We introduce EgoSonics, a method to generate semantically meaningful and synchronized audio tracks conditioned on silent egocentric videos. Generating audio for silent egocentric videos could open new applications in virtual reality, assistive technologies, or for augmenting existing datasets. Existing work has been limited to domains like speech, music, or impact sounds and cannot capture the broad range of audio frequencies found in egocentric videos. EgoSonics addresses these limitations by building on the strengths of latent diffusion models for conditioned audio synthesis. We first encode and process paired audio-video data to make them suitable for generation. The encoded data is then used to train a model that can generate an audio track that captures the semantics of the input video. Our proposed SyncroNet builds on top of ControlNet to provide control signals that enables generation of temporally synchronized audio. Extensive evaluations and a comprehensive user study show that our model outperforms existing work in audio quality, and in our proposed synchronization evaluation method. Furthermore, we demonstrate downstream applications of our model in improving video summarization.
Paper Structure (25 sections, 6 equations, 9 figures, 3 tables, 1 algorithm)

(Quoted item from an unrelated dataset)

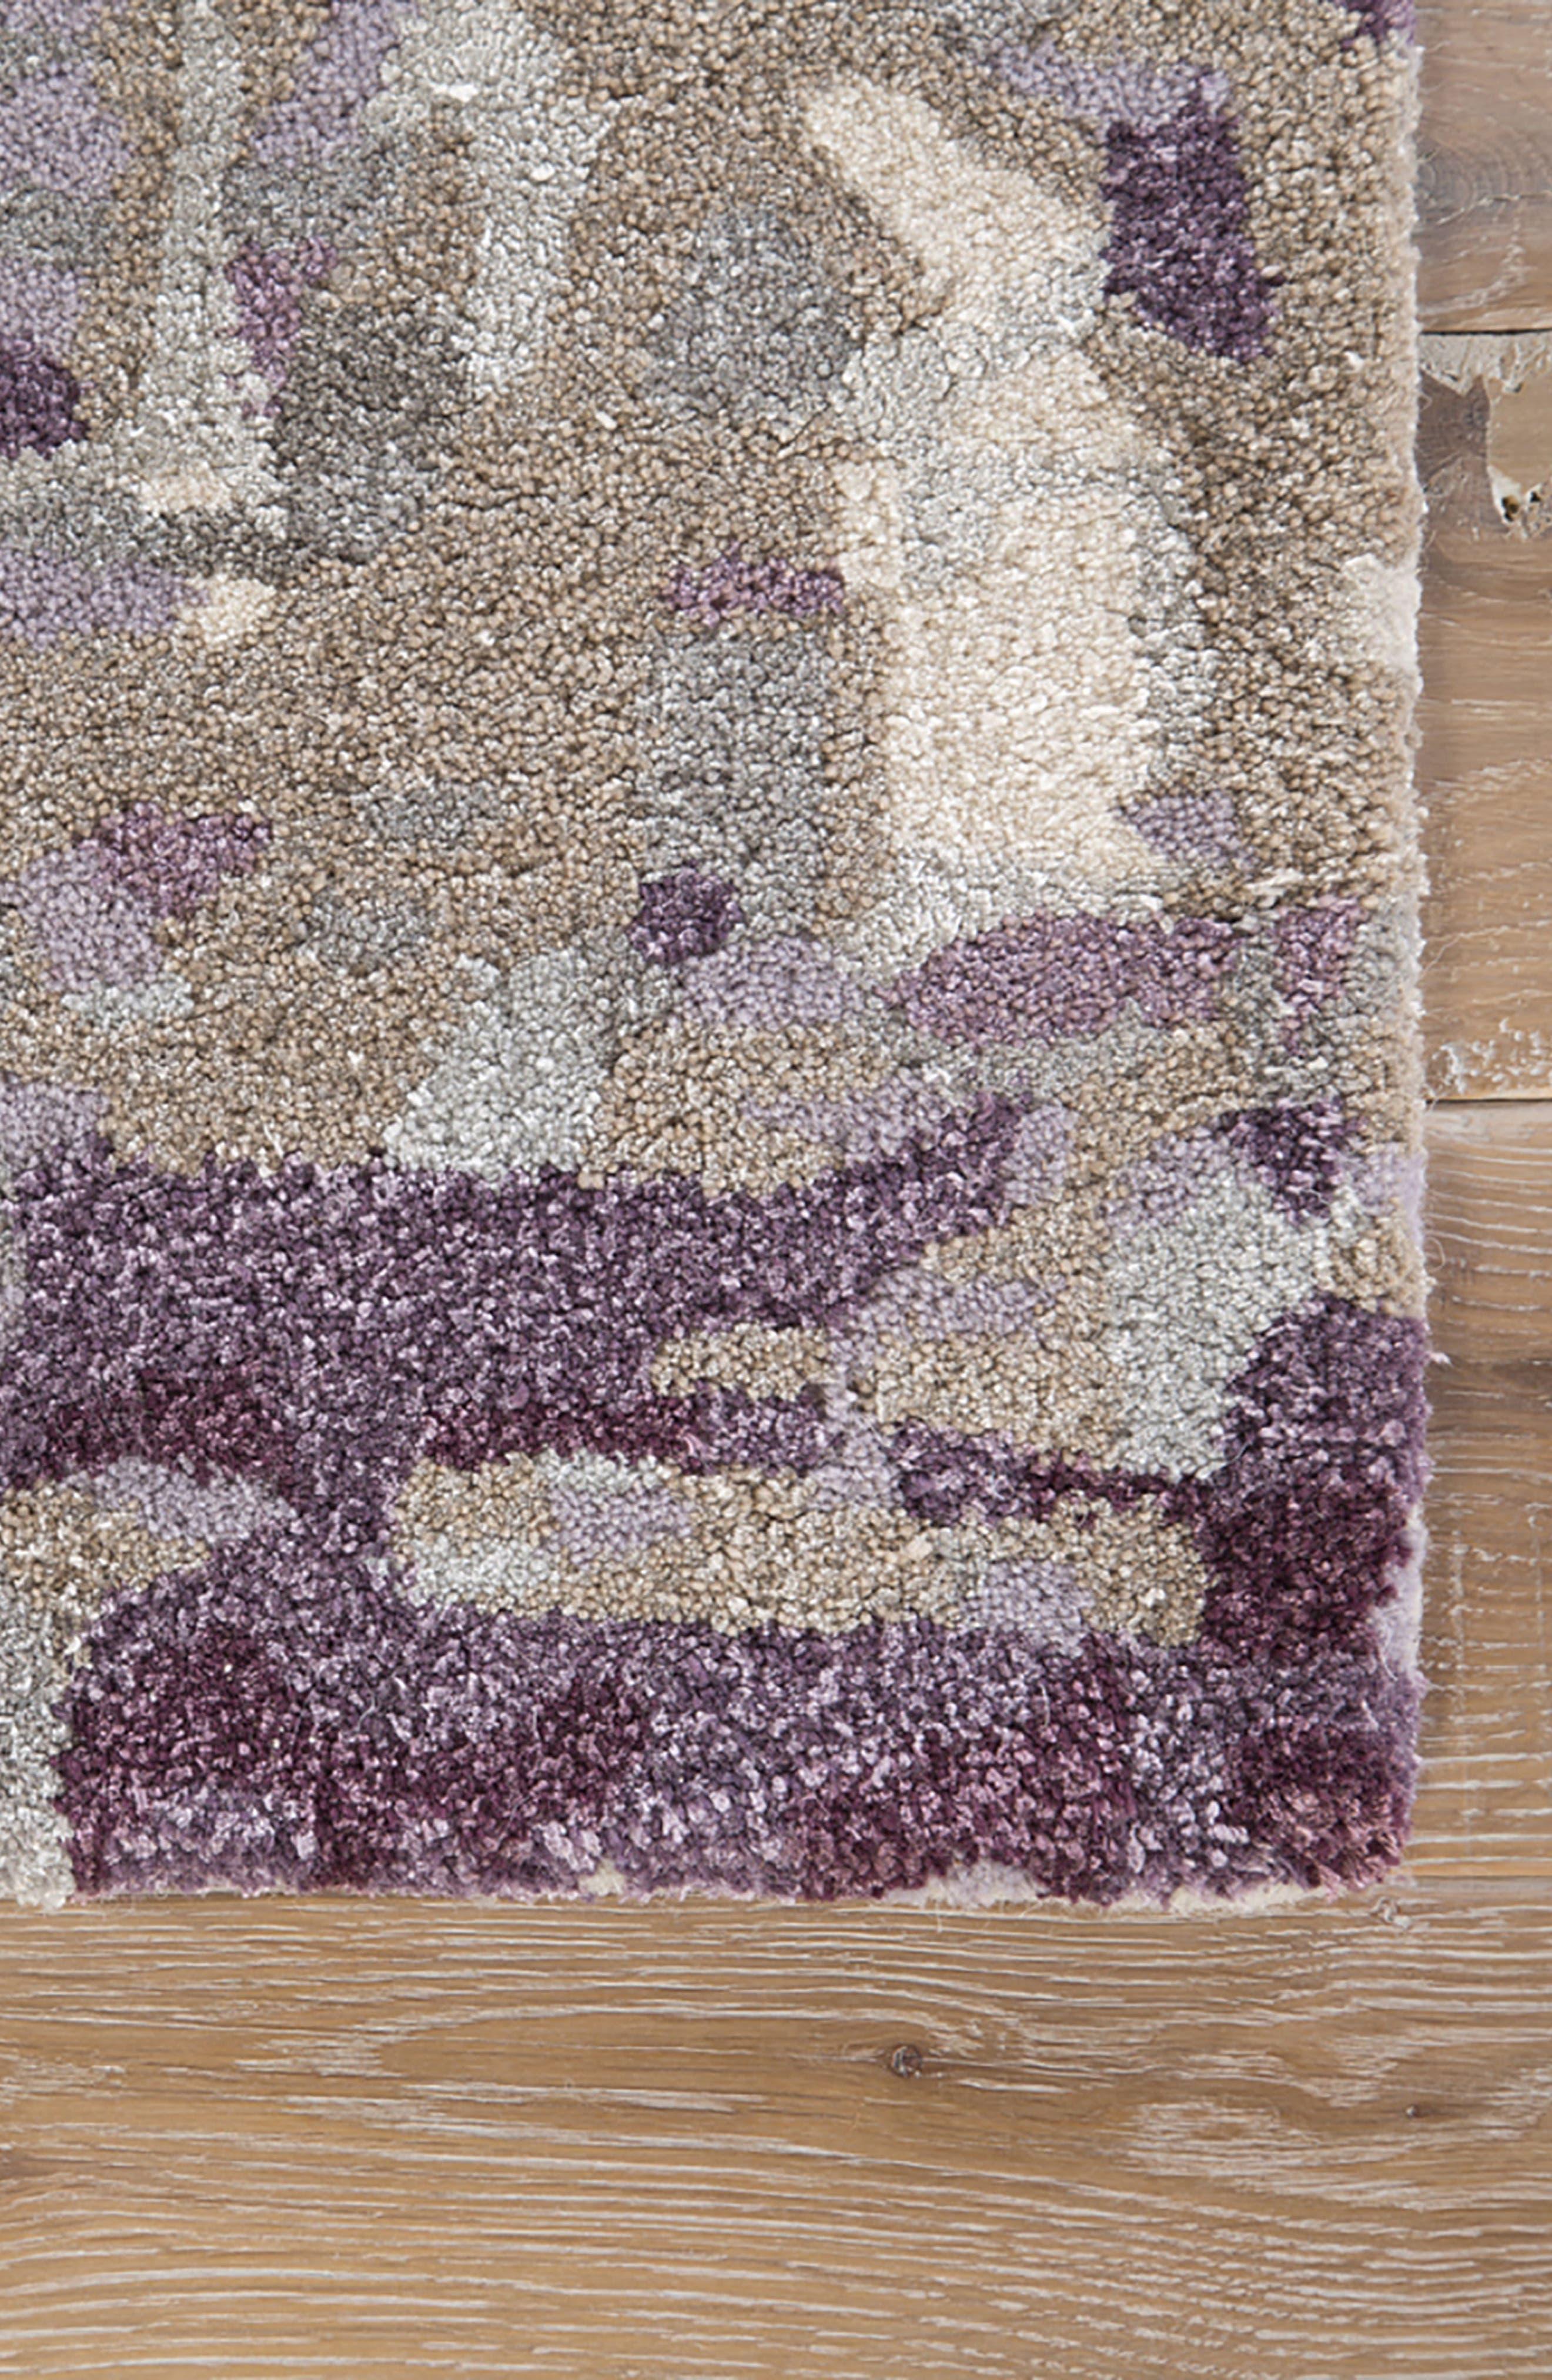 Genesis - Matcha Hand Tufted Rug,                             Alternate thumbnail 2, color,                             Pumice Stone
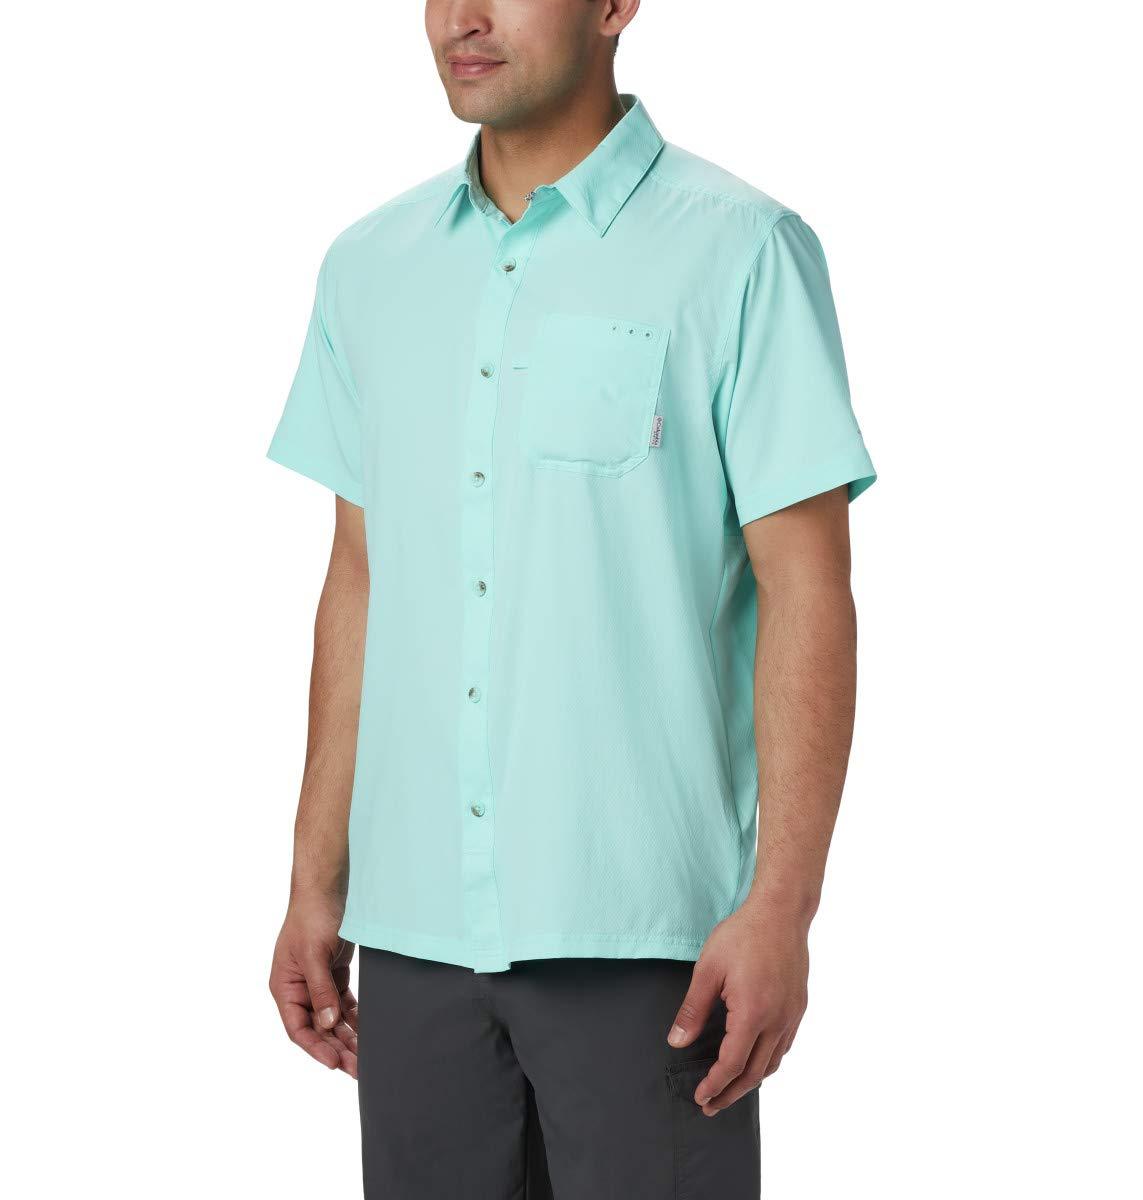 Columbia Sportswear Men's PFG Slack Tide Camp Shirt (Big), Gulf Stream, 4X by Columbia

This paper contains 25 sections, 6 equations, 9 figures, 3 tables, 1 algorithm.

Figures (9)

  • Figure 1: We present EgoSonics, a method to synthesize audio tracks conditioned on silent in-the-wild egocentric videos. Our method operate on videos at 30 fps, and can synthesize audio that is semantically meaningful and synchronized with events in the video ("dish hits the sink" or "lawn mower turned off"). We also propose a new method to evaluate audio-video synchronization quality.
  • Figure 2: The overall architecture of our proposed method - EgoSonics. The input video frames are encoded through a video encoder to get video embedding $E_V$. This video embedding goes to the SyncroNet\ref{['subsec:syncronet']} which generates several control signals to control the generation of audio spectrograms by providing pixel-level temporal control to a pre-trained Stable Diffusion (SD) \ref{['subsec:ldm']}. An MLP translates the video embedding into text embedding $c_t$ for SD. The loss between the ground truth audio spectrogram $E_A$ and predicted $E'_A$ is used to train the SyncroNet. Finally, as a post processing step, generated audio is upsampled using Audio SR module.
  • Figure 3: Figure describes the training of Syncronet model. A trainable copy of Stable Diffusion's UNet encoder generates control signals through zero convolution layers, providing pixel-level control to the pretrained UNet Decoder model. The UNet decoder generates a $64x64$ encoded feature map, which goes through VAE decoder to generate the predicted audio spectrogram $E'_A$.
  • Figure 4: Self-attention is applied to the sum of encoded video embedding and the noisy input sample. Then the cross-attention is applied between $E_V$ and the previous intermediate signal. Post which, they are passed through a linear layer followed by a zero convolution layer to get control signal $c^n$.
  • Figure 5: Figure compares how well each model can synchronize the generated audio with the GT audio. Our method can generate very synchronized audios with higher quality. On the other hand, Diff-Foley and Make-an-Audio fails to do so, and often fails to synthesize contextually correct audio. Diff-Foley can only synthesize 8 seconds long audio compared to 10 seconds for others.